Las Vegas Golden Knights forward Max Pacioretty (67) checks Minnesota Wild forward Mikael Granlund (64) in the first period at Xcel Energy Center in St. Paul on Oct. 6, 2018. Brad Rempel / USA TODAY Sports

ST. PAUL — No. It's not time to push the panic button on the Wild.

Not yet.

That's the feeling in the locker room despite a dismal offensive performance that has produced just two goals in two games.

"We are 0-1-1," forward Jason Zucker said, downplaying the fact that the Wild offense has stalled out of the gates. "We aren't out of the playoffs or anything like that. We obviously have some things we need to work on. We just need to make sure we realize that we're a good team. We're going to be just fine."

Still, there have been some concerning trends, albeit a small sample size.

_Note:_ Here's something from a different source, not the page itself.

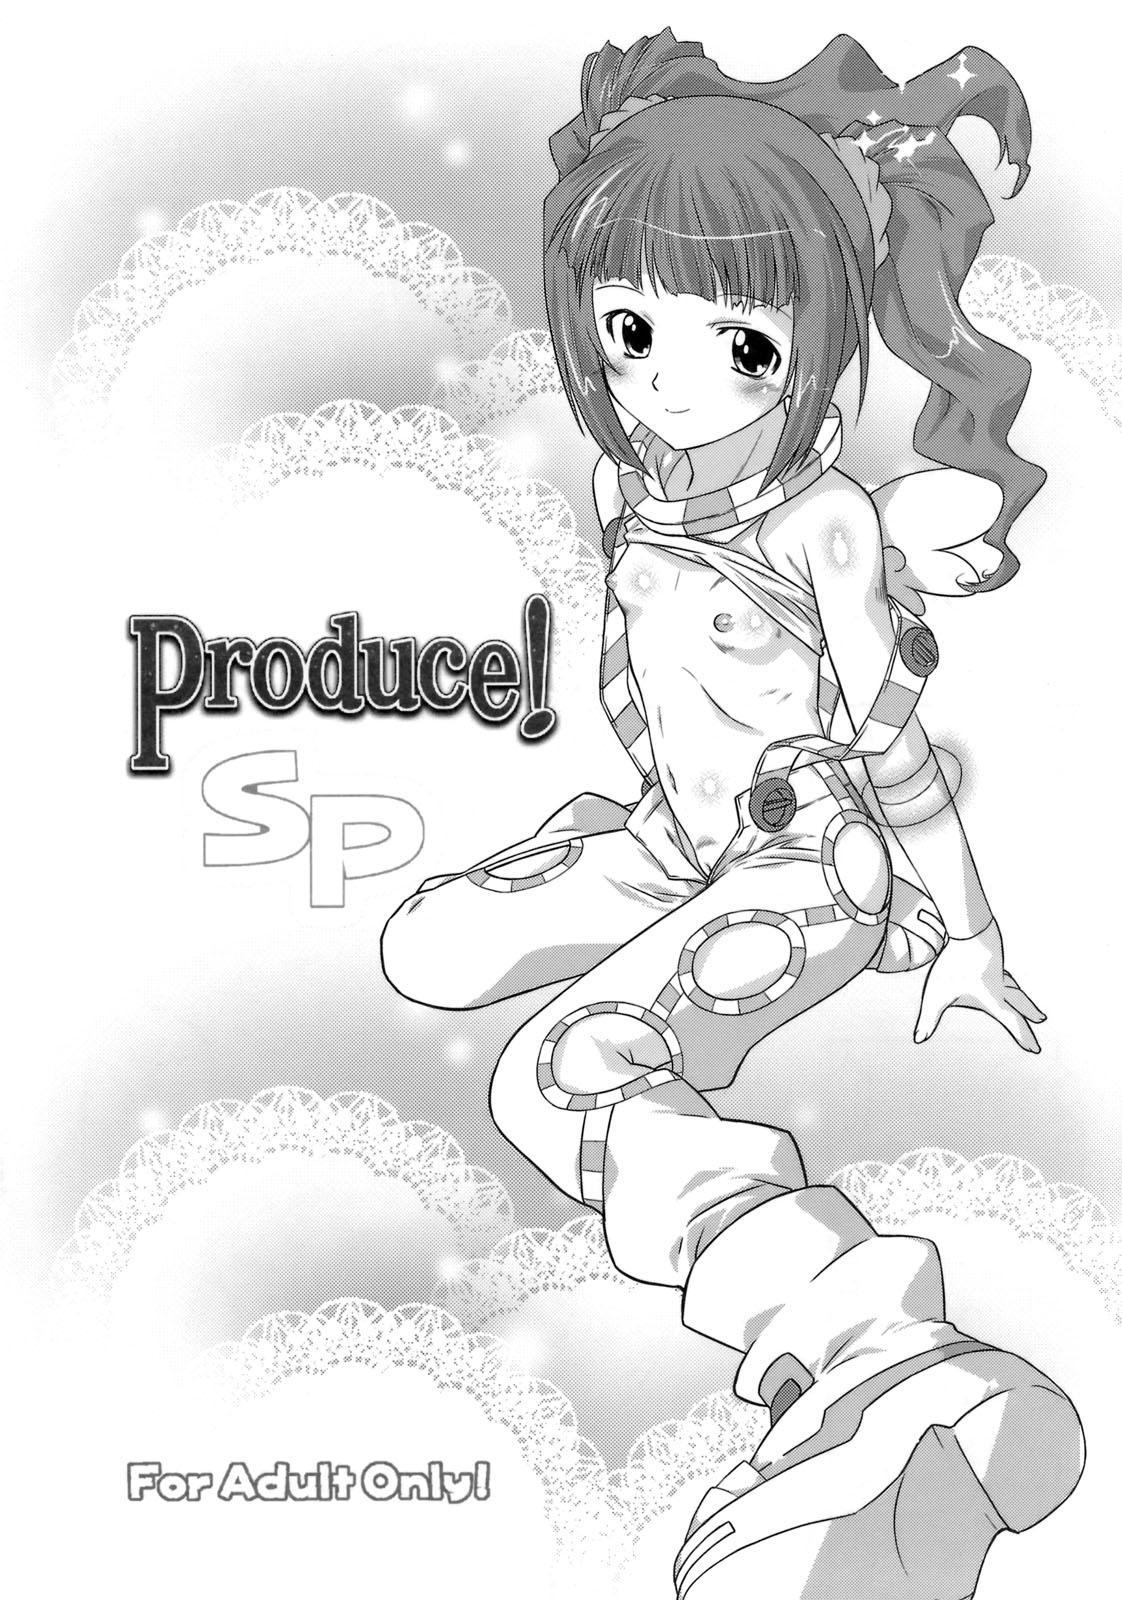 Sweet Produce! SP 2

The problem isn't just a lack of scoring; it's a lack of any kind of offensive pressure.

In fact, according to Natural Stat Trick, a website that tracks various NHL analytics, the Wild have had just 29 scoring chances through two games, worst in the league for teams that have played at least two games.

To put that in perspective, the Chicago Blackhawks, who will be in town on Thursday, Oct. 11, have 79 scoring chances through three games.

"We need to create way more," said veteran forward Zach Parise, who has potted the only goal among Wild players on the front line. "Not nearly enough time in the offensive zone. Not a lot of creativity with the puck. It's not as if we've played two games and we're getting robbed where we should have six goals or seven goals. We need to generate a lot more chances."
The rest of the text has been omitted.